::: Dataset records

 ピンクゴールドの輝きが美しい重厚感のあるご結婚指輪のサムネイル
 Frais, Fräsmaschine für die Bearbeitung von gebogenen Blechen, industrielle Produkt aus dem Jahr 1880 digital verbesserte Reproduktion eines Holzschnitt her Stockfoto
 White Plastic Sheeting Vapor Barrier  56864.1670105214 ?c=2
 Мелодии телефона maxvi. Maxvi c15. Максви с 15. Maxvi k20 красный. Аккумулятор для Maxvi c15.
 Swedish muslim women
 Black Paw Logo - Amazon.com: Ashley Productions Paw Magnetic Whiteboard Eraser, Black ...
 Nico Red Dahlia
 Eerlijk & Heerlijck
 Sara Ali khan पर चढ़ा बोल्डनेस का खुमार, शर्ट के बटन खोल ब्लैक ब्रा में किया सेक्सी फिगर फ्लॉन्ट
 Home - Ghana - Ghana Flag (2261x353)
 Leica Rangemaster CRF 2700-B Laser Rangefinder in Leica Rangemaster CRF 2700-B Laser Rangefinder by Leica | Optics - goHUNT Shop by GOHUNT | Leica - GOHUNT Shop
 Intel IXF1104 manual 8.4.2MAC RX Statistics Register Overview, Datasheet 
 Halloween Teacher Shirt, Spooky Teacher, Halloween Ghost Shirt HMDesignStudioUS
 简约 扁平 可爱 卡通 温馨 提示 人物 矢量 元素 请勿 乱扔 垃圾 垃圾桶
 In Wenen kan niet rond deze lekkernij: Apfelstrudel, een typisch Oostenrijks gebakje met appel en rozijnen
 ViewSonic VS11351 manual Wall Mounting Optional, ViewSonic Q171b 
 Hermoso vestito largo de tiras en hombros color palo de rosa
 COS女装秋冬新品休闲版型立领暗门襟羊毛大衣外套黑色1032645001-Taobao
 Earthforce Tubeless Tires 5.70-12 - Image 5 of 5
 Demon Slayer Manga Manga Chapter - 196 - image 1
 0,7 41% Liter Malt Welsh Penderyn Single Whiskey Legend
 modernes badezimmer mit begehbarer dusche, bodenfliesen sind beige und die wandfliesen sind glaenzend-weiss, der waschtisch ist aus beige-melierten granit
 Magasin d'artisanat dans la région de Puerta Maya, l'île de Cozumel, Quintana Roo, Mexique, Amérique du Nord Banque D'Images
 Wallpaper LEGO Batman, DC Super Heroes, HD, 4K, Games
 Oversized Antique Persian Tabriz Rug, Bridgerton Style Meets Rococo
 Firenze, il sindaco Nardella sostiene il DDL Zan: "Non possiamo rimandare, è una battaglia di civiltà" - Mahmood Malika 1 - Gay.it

::::::

All lines in the material are to be returned exactly.

 ピンクゴールドの輝きが美しい重厚感のあるご結婚指輪のサムネイル
 Frais, Fräsmaschine für die Bearbeitung von gebogenen Blechen, industrielle Produkt aus dem Jahr 1880 digital verbesserte Reproduktion eines Holzschnitt her Stockfoto
 White Plastic Sheeting Vapor Barrier  56864.1670105214 ?c=2
 Мелодии телефона maxvi. Maxvi c15. Максви с 15. Maxvi k20 красный. Аккумулятор для Maxvi c15.
 Swedish muslim women
 Black Paw Logo - Amazon.com: Ashley Productions Paw Magnetic Whiteboard Eraser, Black ...
 Nico Red Dahlia
 Eerlijk & Heerlijck
 Sara Ali khan पर चढ़ा बोल्डनेस का खुमार, शर्ट के बटन खोल ब्लैक ब्रा में किया सेक्सी फिगर फ्लॉन्ट
 Home - Ghana - Ghana Flag (2261x353)
 Leica Rangemaster CRF 2700-B Laser Rangefinder in Leica Rangemaster CRF 2700-B Laser Rangefinder by Leica | Optics - goHUNT Shop by GOHUNT | Leica - GOHUNT Shop
 Intel IXF1104 manual 8.4.2MAC RX Statistics Register Overview, Datasheet 
 Halloween Teacher Shirt, Spooky Teacher, Halloween Ghost Shirt HMDesignStudioUS
 简约 扁平 可爱 卡通 温馨 提示 人物 矢量 元素 请勿 乱扔 垃圾 垃圾桶
 In Wenen kan niet rond deze lekkernij: Apfelstrudel, een typisch Oostenrijks gebakje met appel en rozijnen
 ViewSonic VS11351 manual Wall Mounting Optional, ViewSonic Q171b 
 Hermoso vestito largo de tiras en hombros color palo de rosa
 COS女装秋冬新品休闲版型立领暗门襟羊毛大衣外套黑色1032645001-Taobao
 Earthforce Tubeless Tires 5.70-12 - Image 5 of 5
 Demon Slayer Manga Manga Chapter - 196 - image 1
 0,7 41% Liter Malt Welsh Penderyn Single Whiskey Legend
 modernes badezimmer mit begehbarer dusche, bodenfliesen sind beige und die wandfliesen sind glaenzend-weiss, der waschtisch ist aus beige-melierten granit
 Magasin d'artisanat dans la région de Puerta Maya, l'île de Cozumel, Quintana Roo, Mexique, Amérique du Nord Banque D'Images
 Wallpaper LEGO Batman, DC Super Heroes, HD, 4K, Games
 Oversized Antique Persian Tabriz Rug, Bridgerton Style Meets Rococo
 Firenze, il sindaco Nardella sostiene il DDL Zan: "Non possiamo rimandare, è una battaglia di civiltà" - Mahmood Malika 1 - Gay.it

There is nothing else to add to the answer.